**EXERCISE PROMPT**:
From the listing below, output only the lines starting at the line that has "Иллюстрация 1 из" and ending at the line that has "PLANT 3D MODELS – 081", exactly as they appear, ends included.

**INFORMATION GIVEN**:
- Opening Delimiter -

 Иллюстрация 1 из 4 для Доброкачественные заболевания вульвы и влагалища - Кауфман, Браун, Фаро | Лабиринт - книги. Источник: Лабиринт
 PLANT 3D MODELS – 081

- Closing Delimiter -
- Opening Delimiter -

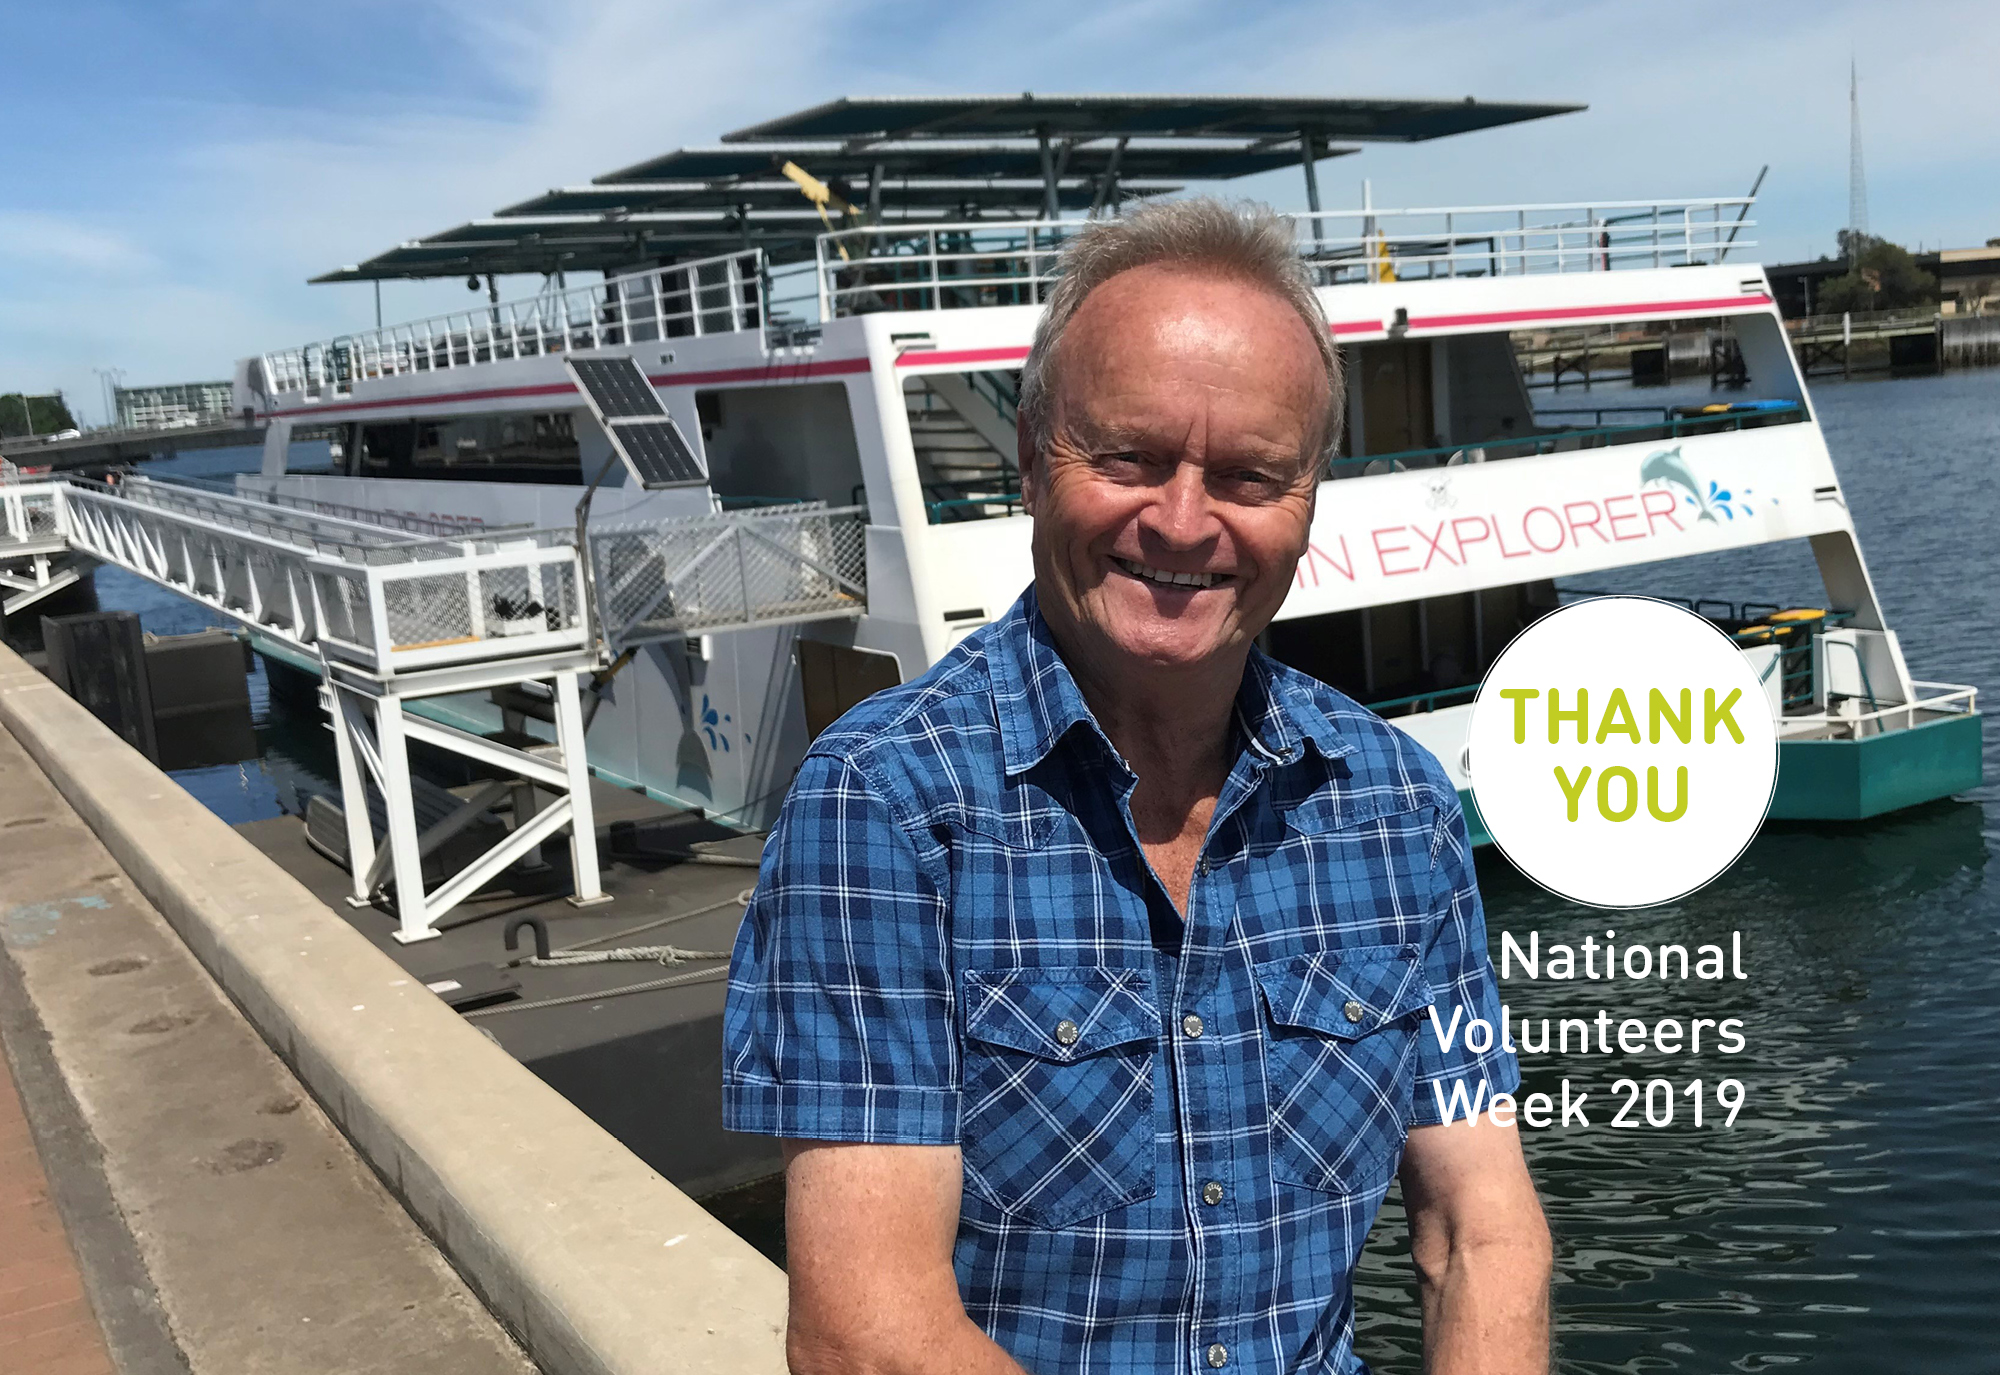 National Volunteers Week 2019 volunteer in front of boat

- Closing Delimiter -

**SOLVED PROBLEM**:
 Иллюстрация 1 из 4 для Доброкачественные заболевания вульвы и влагалища - Кауфман, Браун, Фаро | Лабиринт - книги. Источник: Лабиринт
 PLANT 3D MODELS – 081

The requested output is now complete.